א"ר אין אדם לומד תורה אלא ממקום שלבו חפץ שנאמר (תהלים א, ב) כי אם בתורת ה' חפצו

Rabbi [Yehuda HaNasi] says: A person can learn Torah only from a place [in the Torah] that his heart desires, as it is stated: But his delight is in the Torah of the Lord [i.e. his delight is in the part of the Torah that he wishes to study]. (R Steinsaltz translation/commentary)

Sounds like it is phrased as an obligation to only study what one enjoys. Rava clarifies a bit further on:

אמר רבא לעולם ילמוד אדם תורה במקום שלבו חפץ שנאמר כי אם בתורת ה' חפצו

A person should always learn Torah from a place [in the Torah] that his heart desires, as it is stated: “But his delight is in the Torah of the Lord.” (R Steinsaltz translation/commentary)
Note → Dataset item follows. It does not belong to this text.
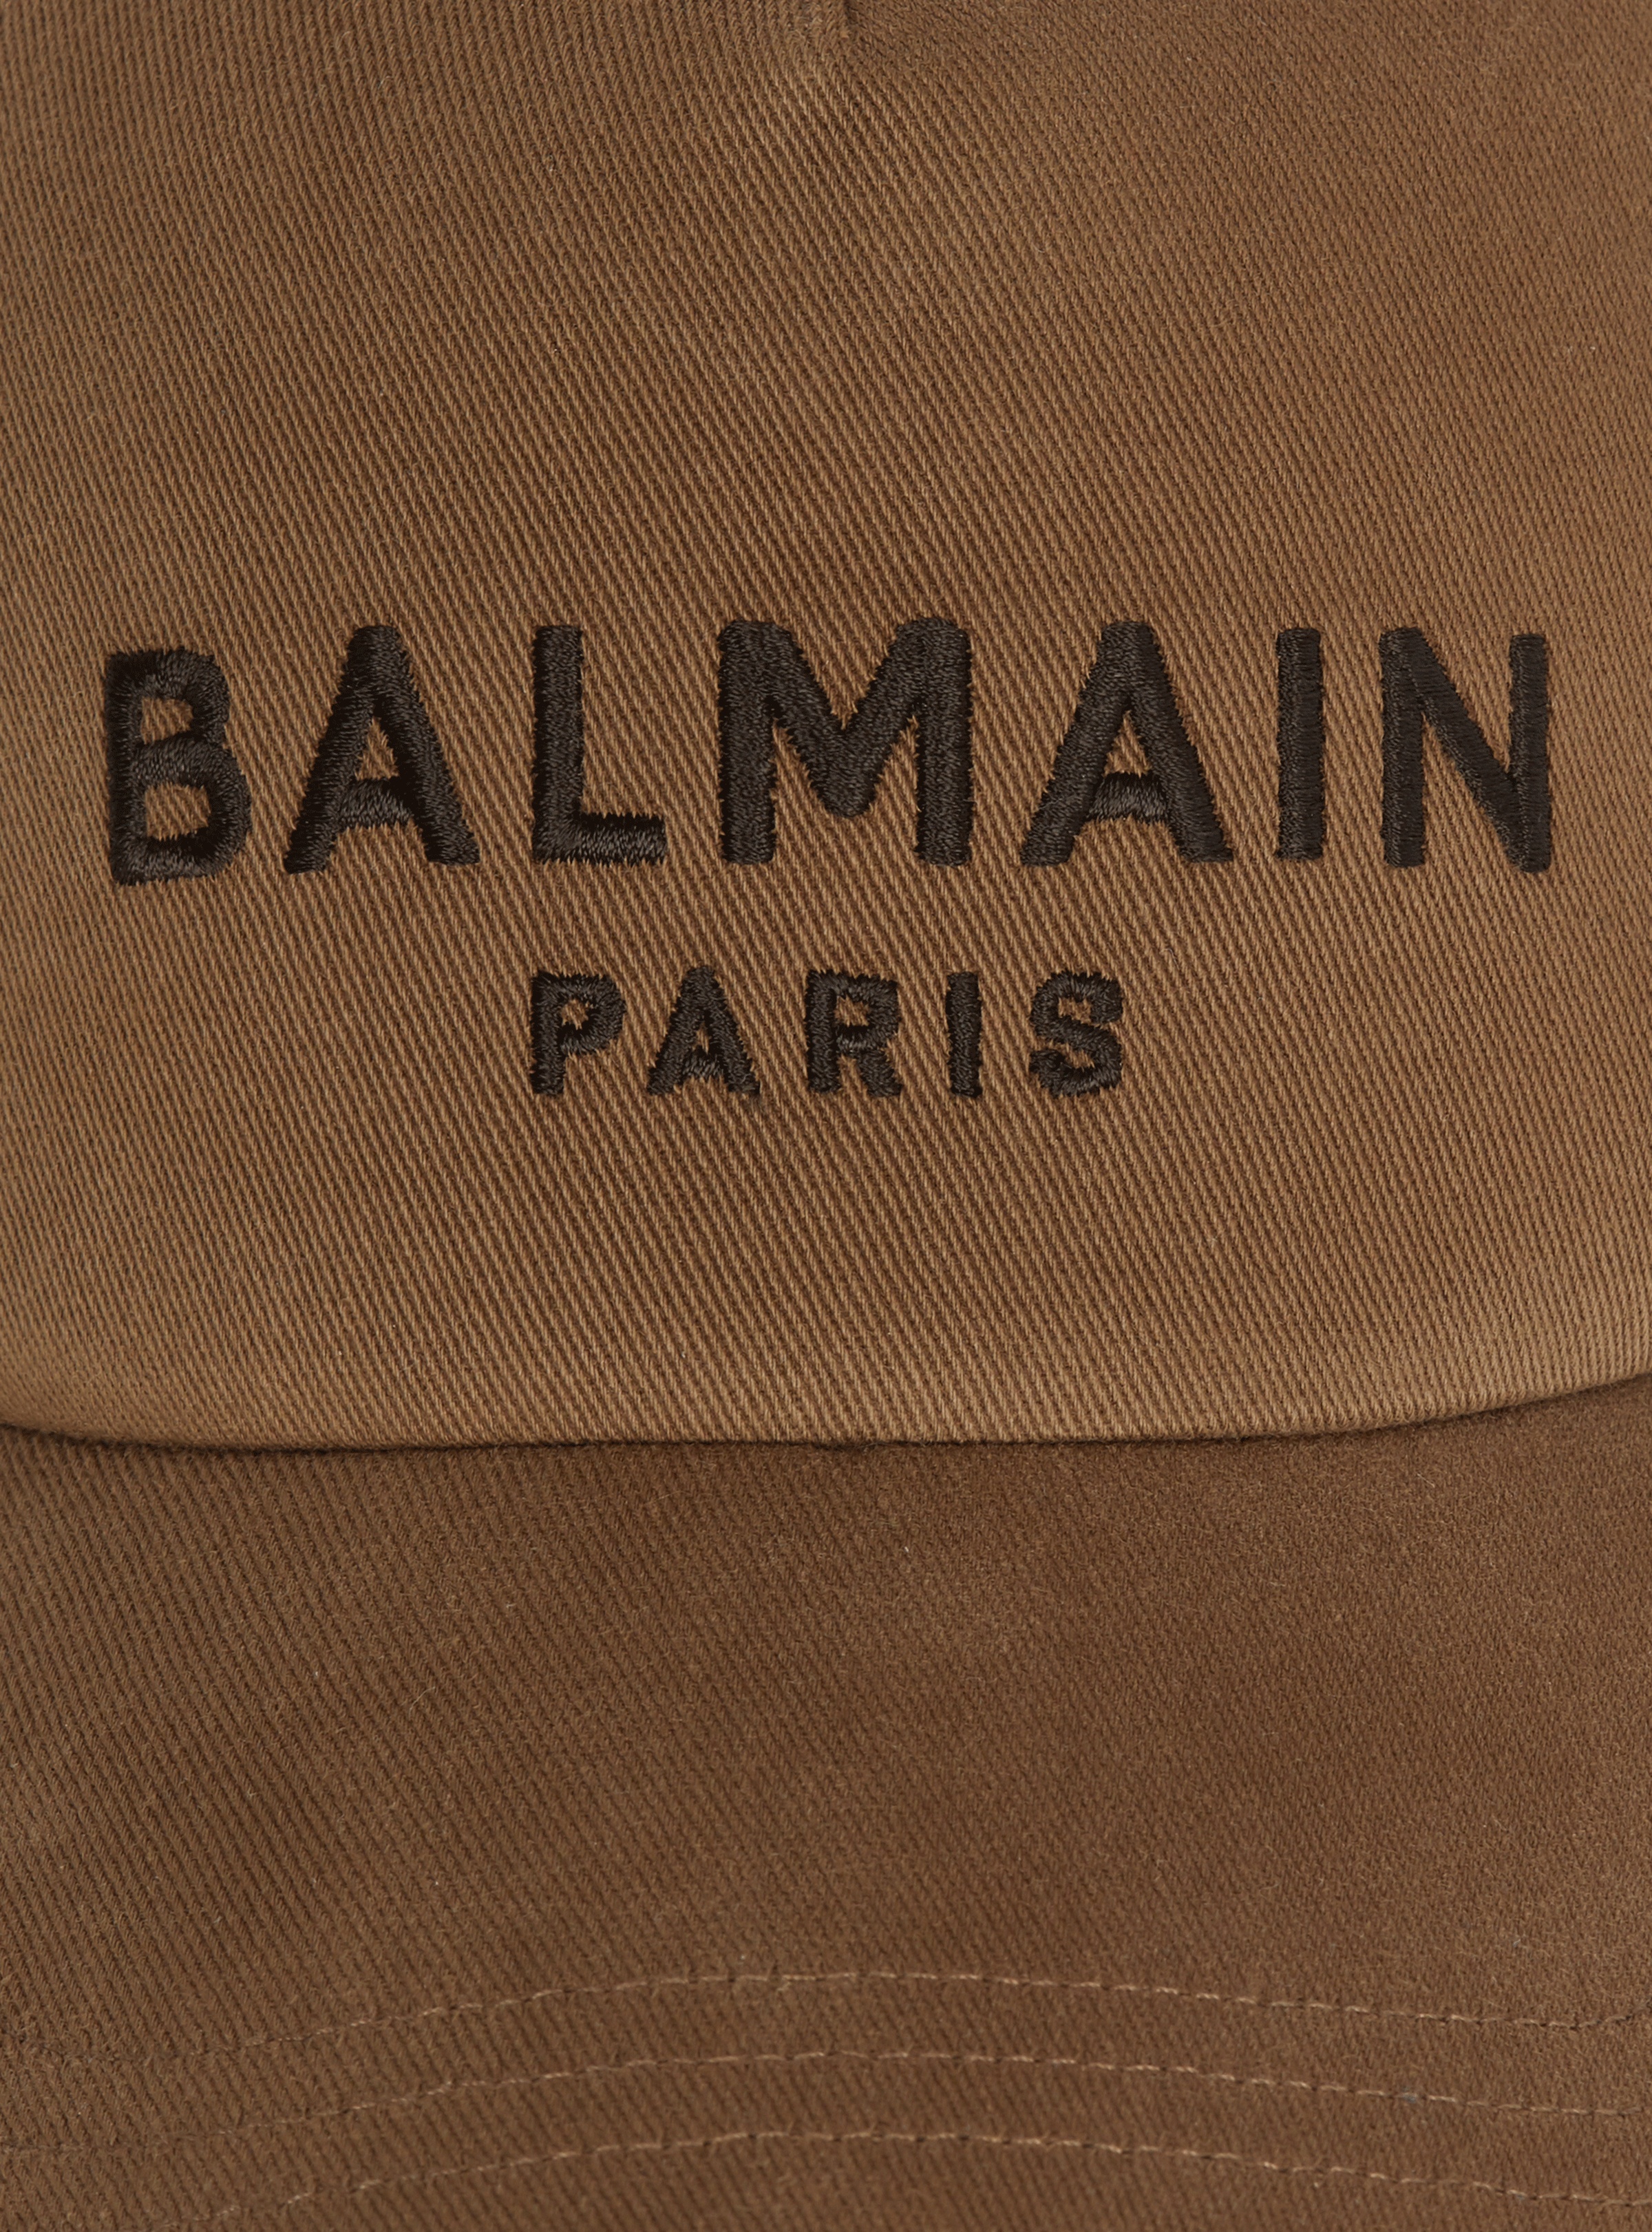 Embroidered Balmain cap - 5

I see no commentaries that view this as a halacha, nor any halachic connections to this gemara. The gemara does bring an alternative opinion, I would note.

Is there any level of obligation on this principle? If not why is it phrased as such?

  • I think it's quite possible that both of the bolded phrases are intended hyperbolically.
    – Isaac Moses
    Commented Jan 4 at 15:15
  • @IsaacMoses possibly. Given that Levi explicitly asked for Mishlei, and Rebbi didn't bring it, but instead brought Tehillim, demonstrates that even Rebbi didn't consider it halacha, but Levi did use it as a permission to stop learning Tehillim. Tzarich iyun
    – Rabbi Kaii
    Commented Jan 4 at 15:18
  • 2
    I think that in the first quote, Rabbi Yehuda HaNasi was referring to what he perceived to be a reality, not necessarily an instruction or an injunction. That being said, if someone was serious about connecting with and retaining his learning, it would make sense to focus his learning on what his heart desires to learn, since that's what he will ultimately learn best. Commented Jan 4 at 15:20
  • 1
    Connects to the prayer: והערב נא, where we pray that the Torah should be sweet to us. IIRC, there is a piece in Rabbi Yitzchak Hutner's "Pachad Yitzchak" (Shavuos?) where he discusses how pleasure and delight is integrally tied to the learning process. Which then makes Rava's words much more understandable. Commented Jan 4 at 15:25
  • 2
    Not really an imperative but more a good hanhogo. I'm reminded of the famous words of the Sokatchover - "עיקר מצות לימוד התורה להיות שש ושמח ומתענג בלימודו ואז דברי נבלעין בדמו."
    – Dov
    Commented Jan 4 at 17:01

1 Answer 1


This question is based on the assumption that there is an obligation to learn Torah. Are there sources that any minute not learned Torah is a sin? Since you will probably learn better when it's libo chafetz, it would probably be bittul Torah באיכות if you don't do so. what is bitul torah b'eichut?